Bereits vergangene Woche seien bei den Diskotheken ein Monitoring und eventuelle Änderungen angekündigt worden, berichtet der Landeshauptmann. Obwohl viele Betreiber von Diskotheken und ähnlicher Lokale versucht hätten, die Regeln strikt einzuhalten, sei es sehr schwierig gewesen, die Besucher zum Einhalten der Regeln zu bringen. Vor diesem Hintergrund habe man die Tätigkeit nochmals ausgesetzt, in der Hoffnung, dass sich die Ansteckungszahlen verringern und die Diskotheken dann wieder geöffnet werden können.
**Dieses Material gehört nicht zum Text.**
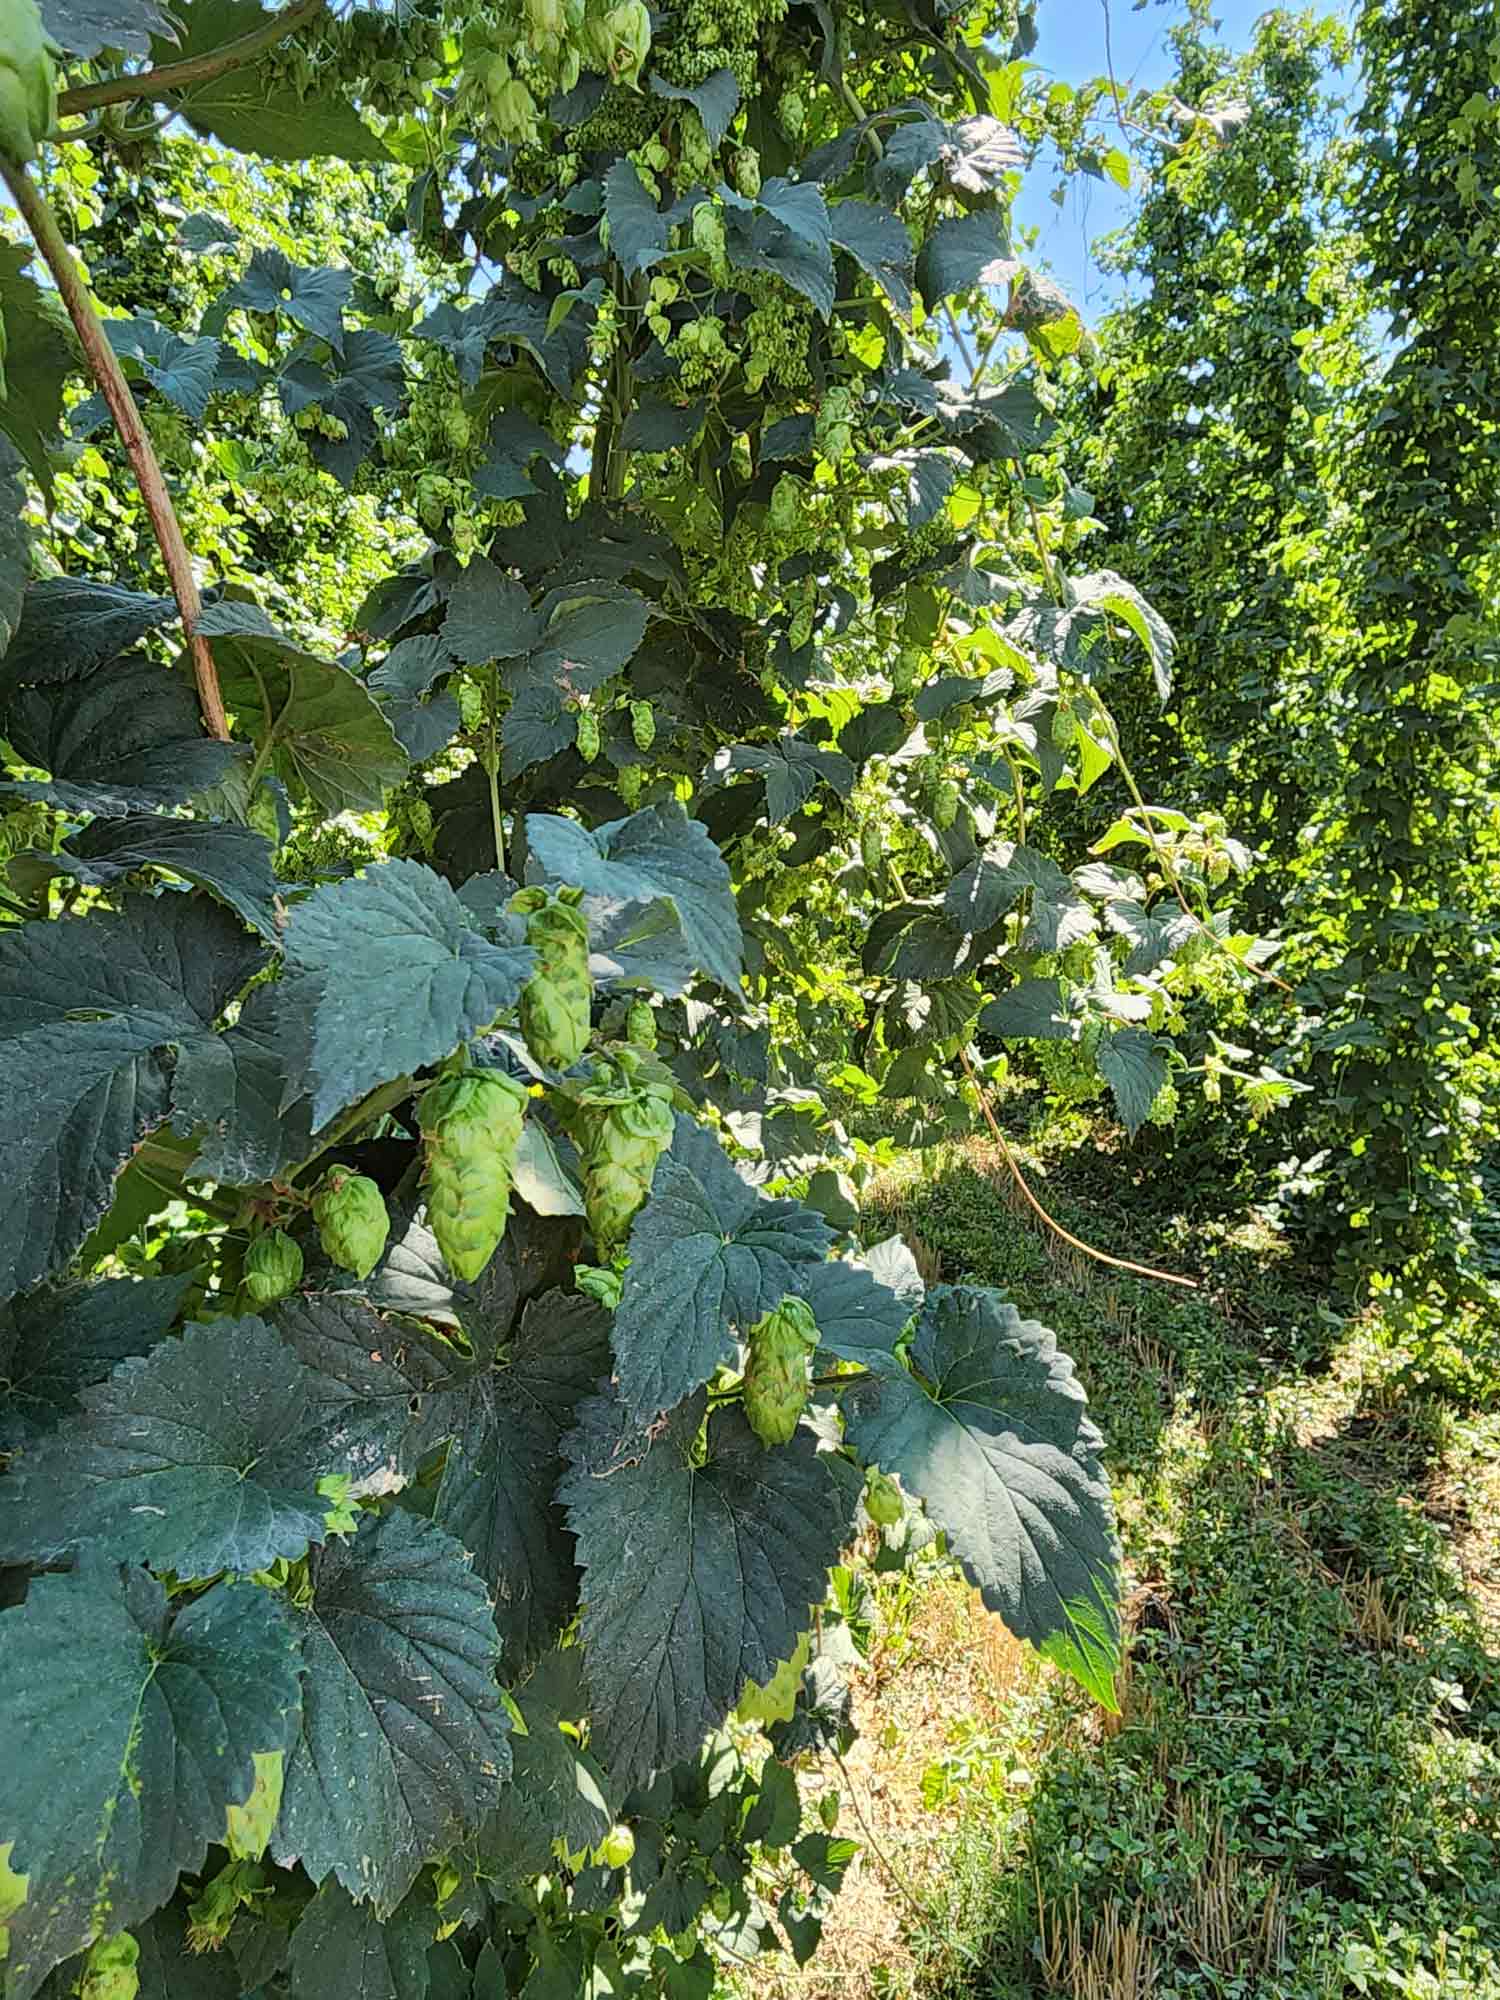 Hops on the vine in a field Loftus Ranches hops farm in Yakima Valley, Washington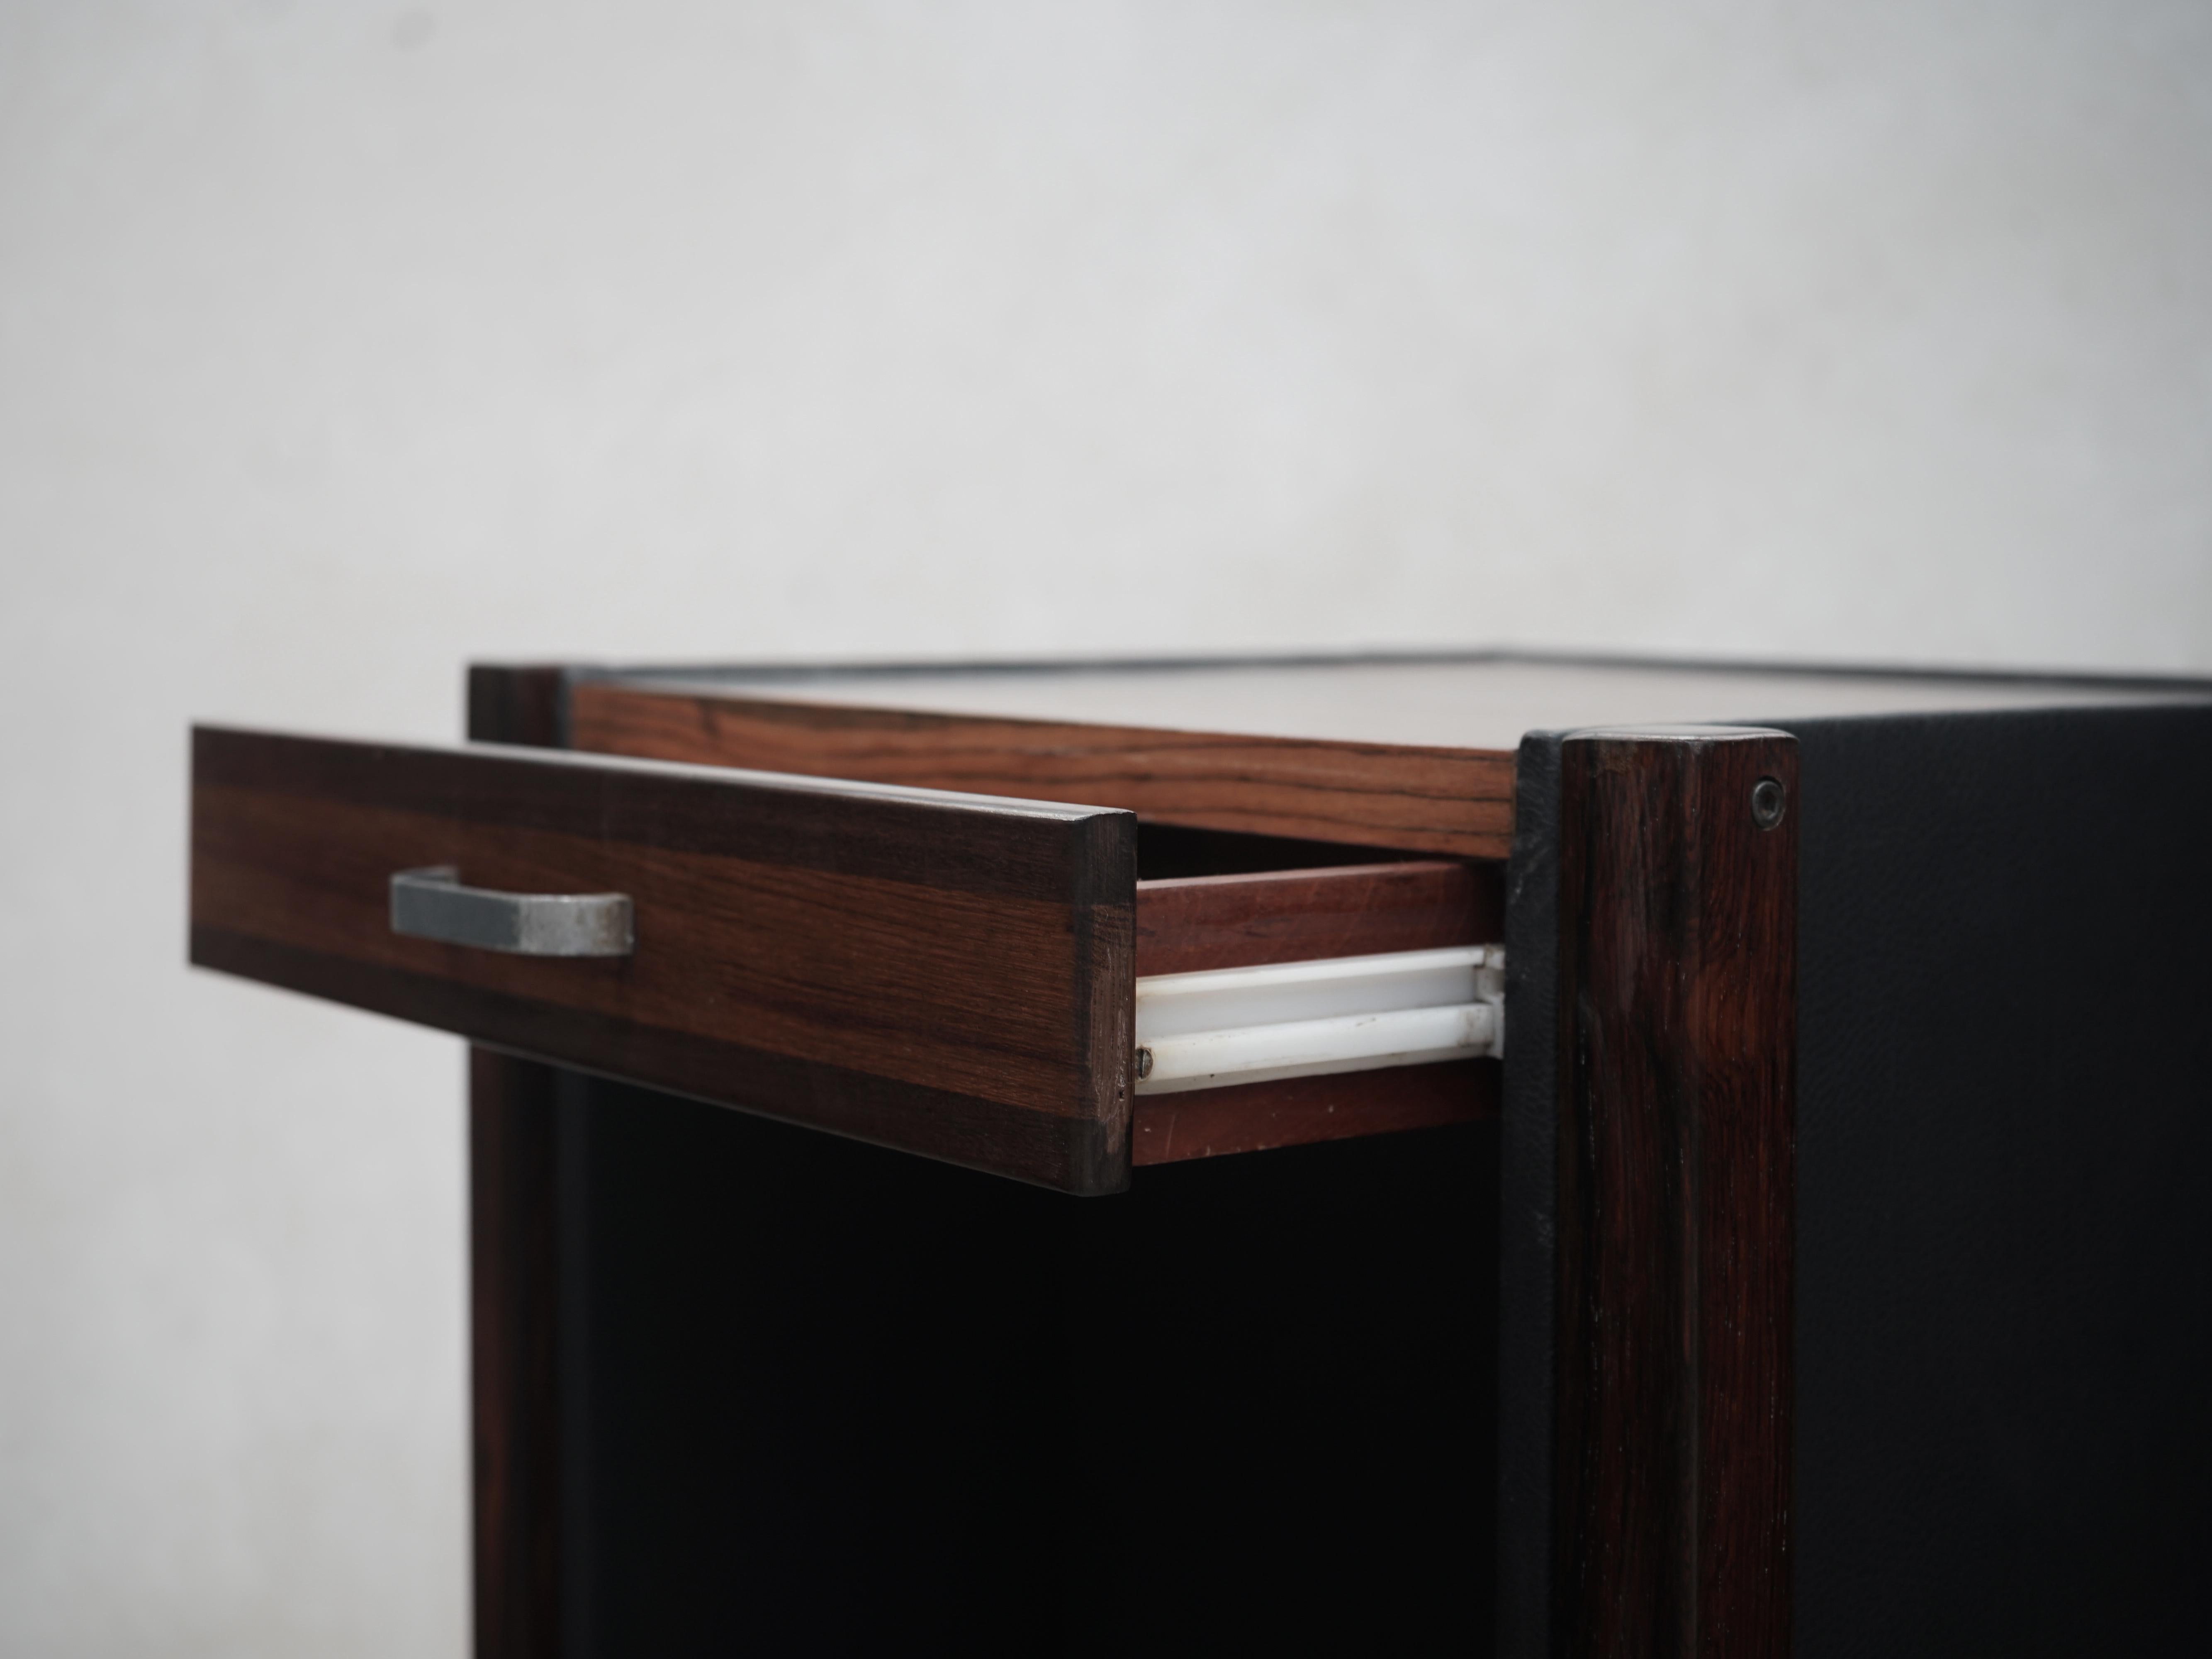 Rosewood Pair of End Tables by Jorge Zalszupin, Brazilian Midcentury Design, 1960s For Sale

Ausgesetzt sind demnach Tanzveranstaltungen im Freien und in geschlossenen Räumen, in Diskotheken, Tanzsälen oder ähnlichen der Unterhaltung gewidmeten Räumen, in Lidos, Badeanstalten, an ausgestatteten oder freien Stränden, in gemeinsamen Räumen der Beherbergungsbetriebe oder anderen Raumen, die der Öffentlichkeit zugänglich sind.

Von 18 Uhr bis 6 Uhr muss der Mund-Nasenschutz in Bereichen getragen werden, die zu öffentlich zugänglichen Orten und Räumlichkeiten gehören sowie auf öffentlichen Flächen, auf denen sich spontan und/oder gelegentlich Menschenansammlungen bilden können.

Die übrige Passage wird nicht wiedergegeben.